Da sempre era il GIORNO DI MERCATO quello ideale in cui accanto ai commercianti si spostava - con altri "nuovi" personaggi di cui meglio si parla qui di seguito - quella variegata umanità di cui sopra si è detto (ed alla quale sempre si mescolava nella varia forma di quanti lo praticavano ma soprattutto lo sfruttavano il triste "giuoco" del sesso a pagamento esercitato da meretrici e prostitute già schiave ma, anche con il Cristianesimo, schiavizzate di fatto da Lenoni fattisi loro padroni e sfruttatori) = a riguardo di tale momento di pubblico fermento, di festa, affari ma anche gozzoviglie ed imbrogli in epoca romana si parlava di NUNDINAE e così si indicava il GIORNO DI MERCATO che cadeva ogni 9 giorni (computando quello di partenza e quello d'arrivo, di maniera che di fatto tra 2 NUNDINAE intercorreva un periodo di 7 giorni, tanto che si evolse il concetto di MERCATO SETTIMANALE come tempo, luogo e affari, in cui i contadini si recavano nelle città, vendevano e comperavano ed altresì si informavano della vita pubblica: secondo la tradizione di Roma, per esempio, un progetto di legge (lex) doveva restare esposto in pubblico per 3 mercati e 17 giorni.
La gestione delle NUNDINAE ebbe tale importanza in tutto il mondo romano che venne più volte regolamentato e fu spesso soggetto all'attenzione della giurisprudenza civile: vedi ad esempio TITOLO 11 del LIBRO L del DIGESTO GIUSTINIANEO.

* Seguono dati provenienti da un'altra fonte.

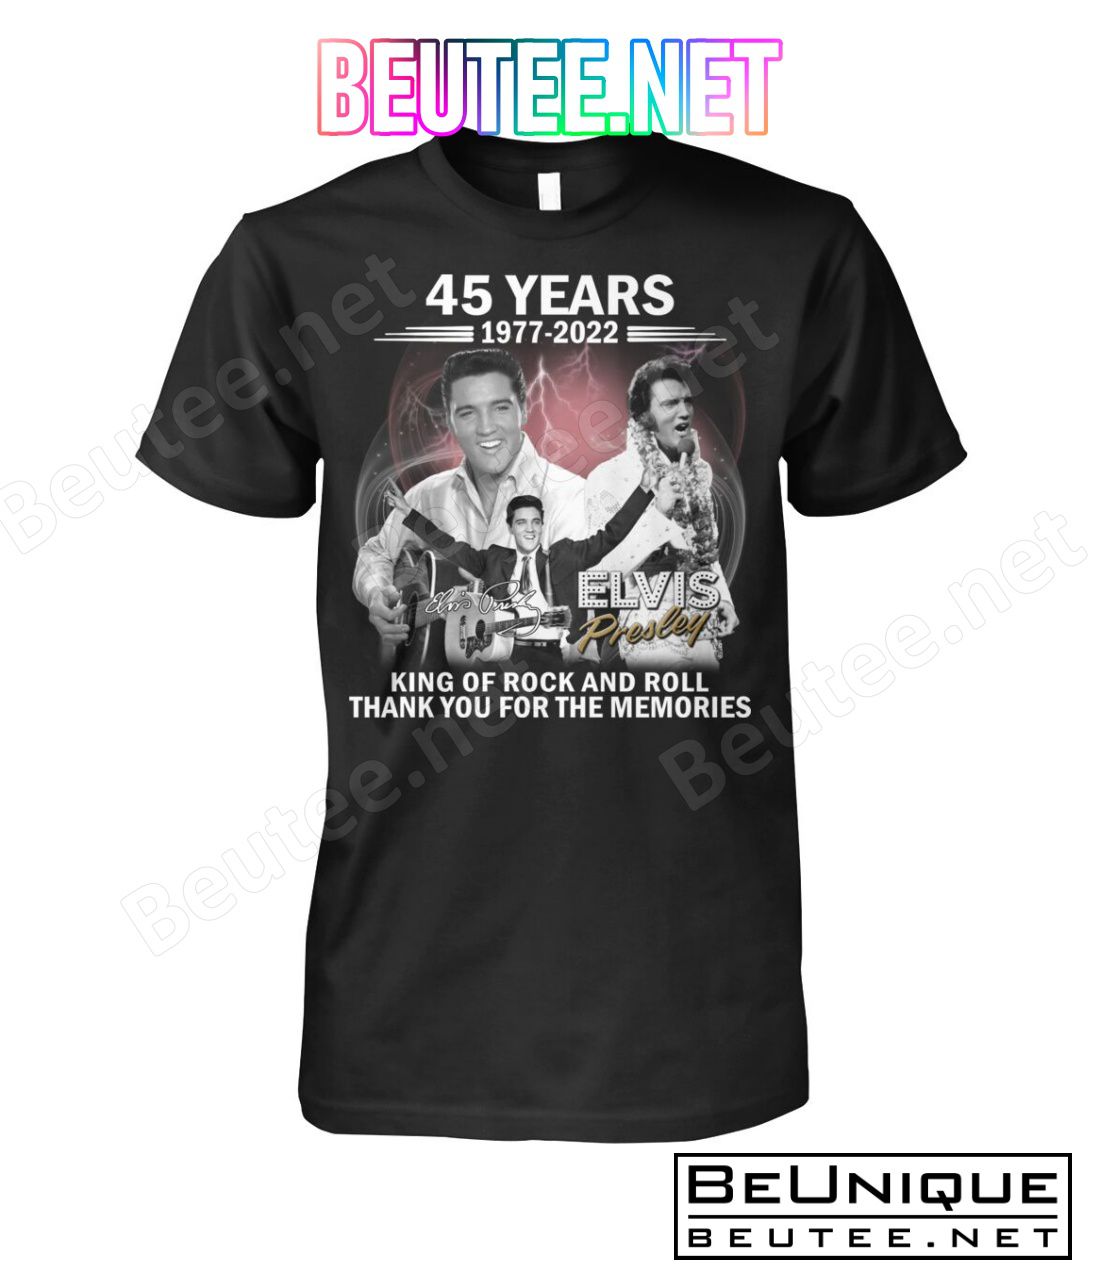 45 Years 1977-2022 Elvis Presley King Of Rock And Roll Thank You For The Memories Shirt

Caduto il mondo classico, dopo il buio medievale dell'epoca curtense e dell'economia chiusa, si riaffermarono le esigenze di commercio e si ebbero con i MERCATI le ancor più commerciali
FIERE.
Specie tra XV e XVIII secolo in ogni contrada, italiana come europea, specie laddove profilassero MERCATI e FIERE si aggregarono alla variegata complessità di circulatores (in senso proprio ciarlatani - ma anche in senso commerciale da intendere rivenditori ambulanti = tra cui eran tanti i venditori seri e onesti ma con cui si mescolavano anche veri e propri ciarlatani nel senso etimologico di "perpetratori di imbrogli e truffe" e del pari anche finti medici che vendevano ogni sorta di panacea e medicina straordinaria quanto inefficace) anche una sorta di personaggi prototipi dell'attività ludica e circense i così detti birbanti e, soprattutto, gli orsanti che tiravano a campare intrattenendo il pubblico con l'ostentazione di animali più o meno rari da vedere se non esotici.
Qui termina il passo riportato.